Stored data:
= Beginning of Section =
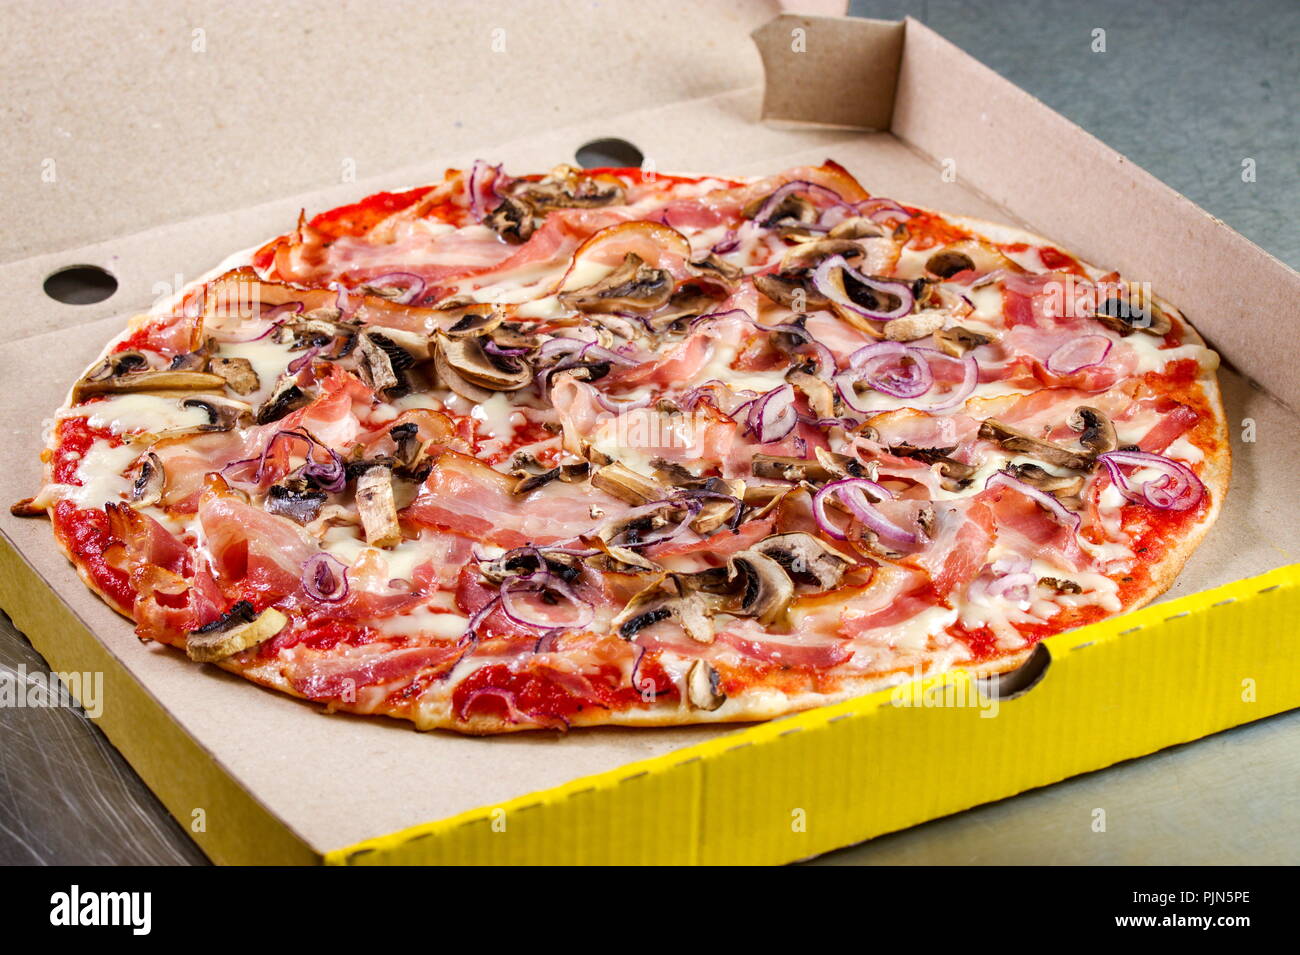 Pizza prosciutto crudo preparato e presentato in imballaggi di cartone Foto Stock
= End of Section =
= Beginning of Section =
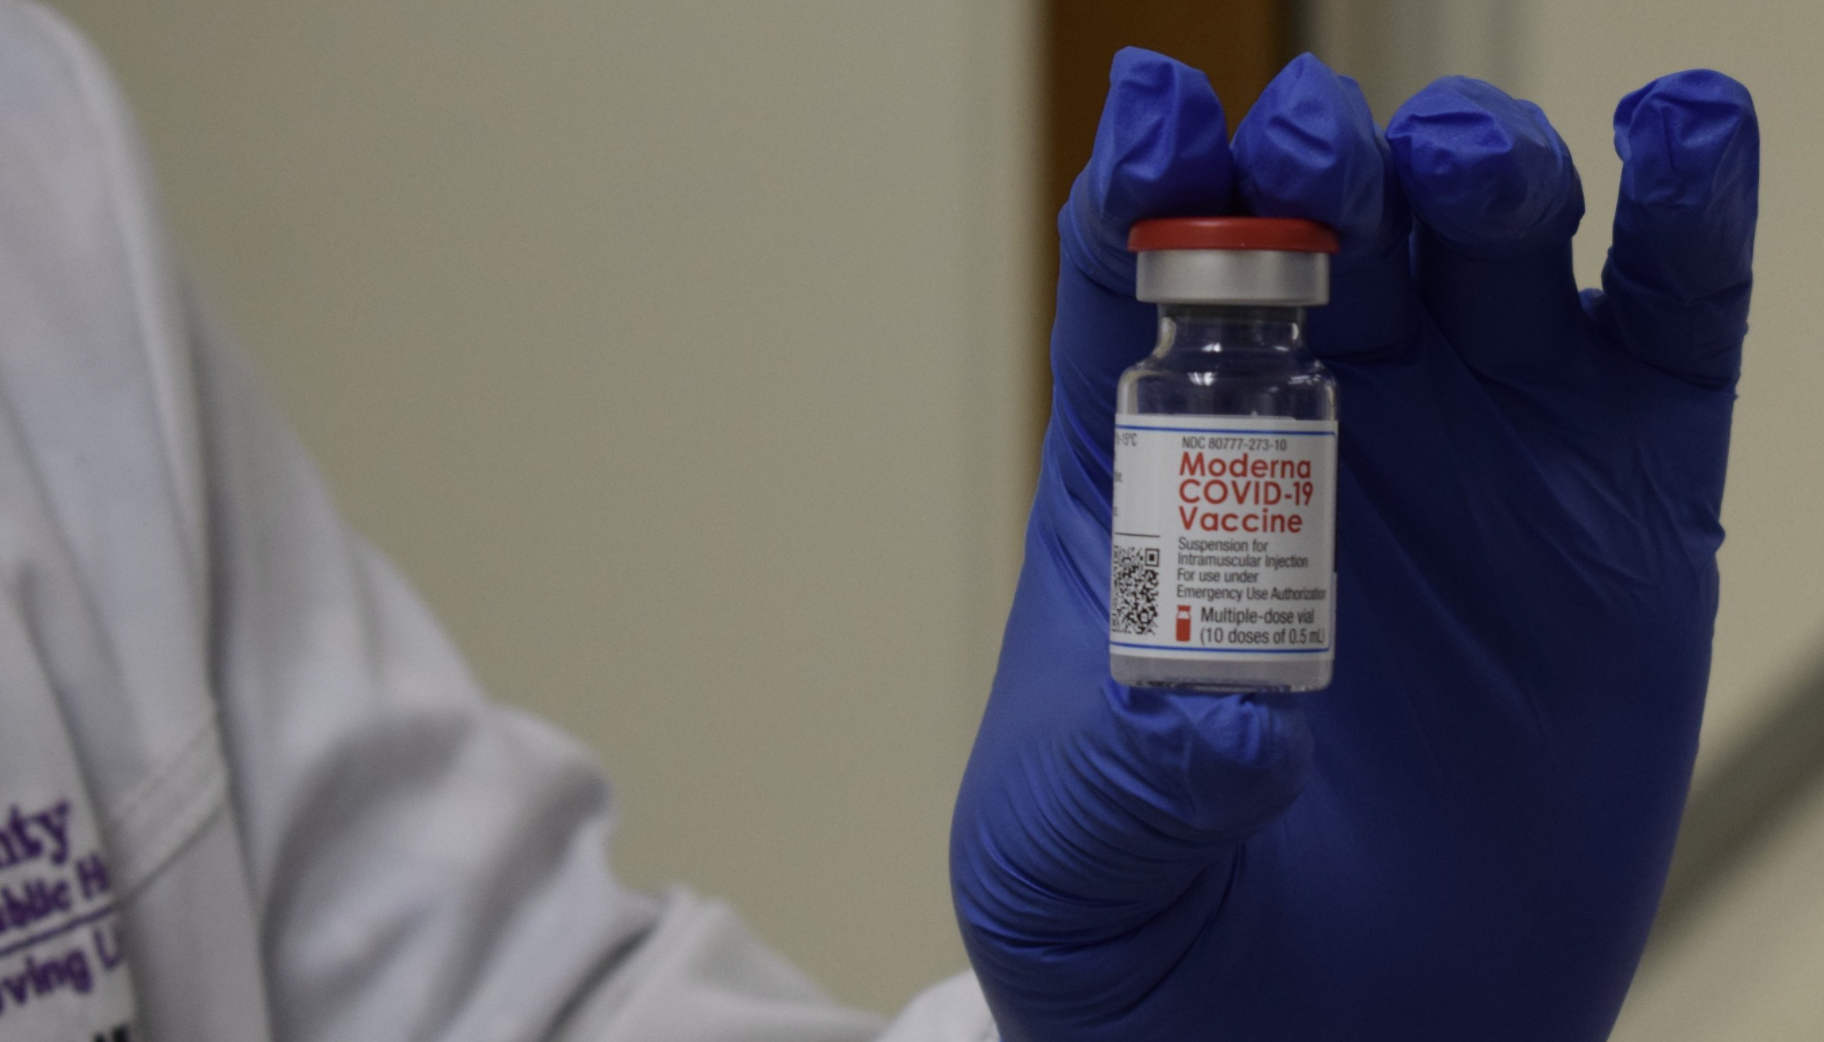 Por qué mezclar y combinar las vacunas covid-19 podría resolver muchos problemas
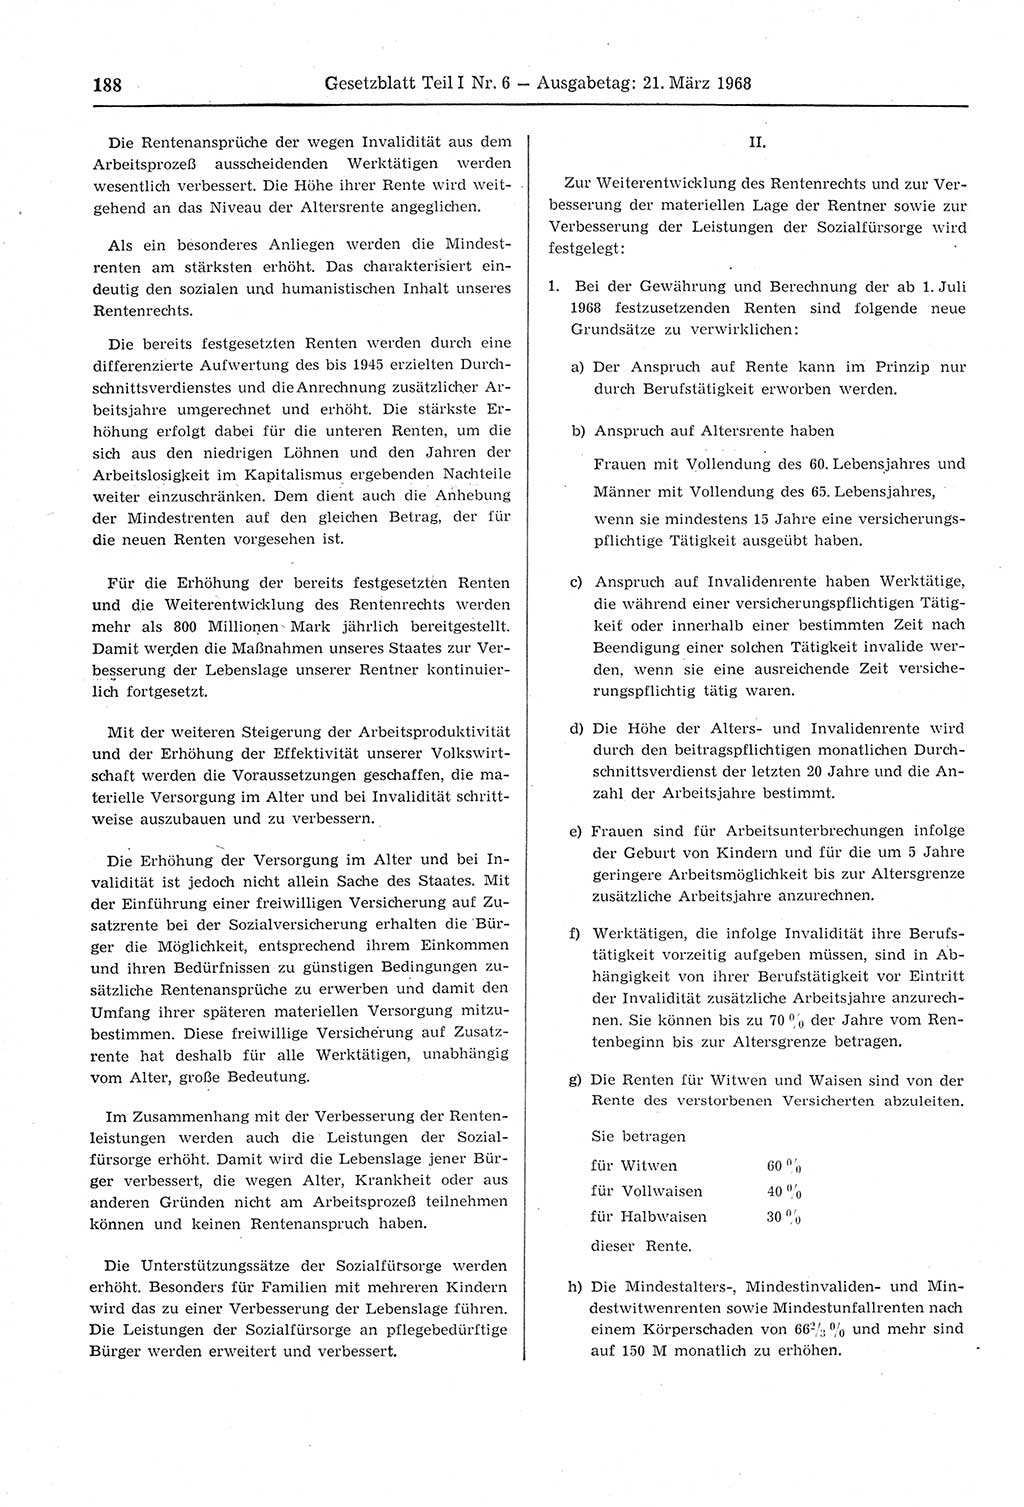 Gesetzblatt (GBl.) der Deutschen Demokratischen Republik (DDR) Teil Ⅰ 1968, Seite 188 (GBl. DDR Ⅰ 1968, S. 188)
= End of Section =
Exercise goal:
The lines to set down run from the line with "Por qué mezclar" up to and including the line with "Gesetzblatt (GBl.) der" in the entries above. Reproduce them exactly, with no pictures.

Solution to this exercise:
 Por qué mezclar y combinar las vacunas covid-19 podría resolver muchos problemas
 Gesetzblatt (GBl.) der Deutschen Demokratischen Republik (DDR) Teil Ⅰ 1968, Seite 188 (GBl. DDR Ⅰ 1968, S. 188)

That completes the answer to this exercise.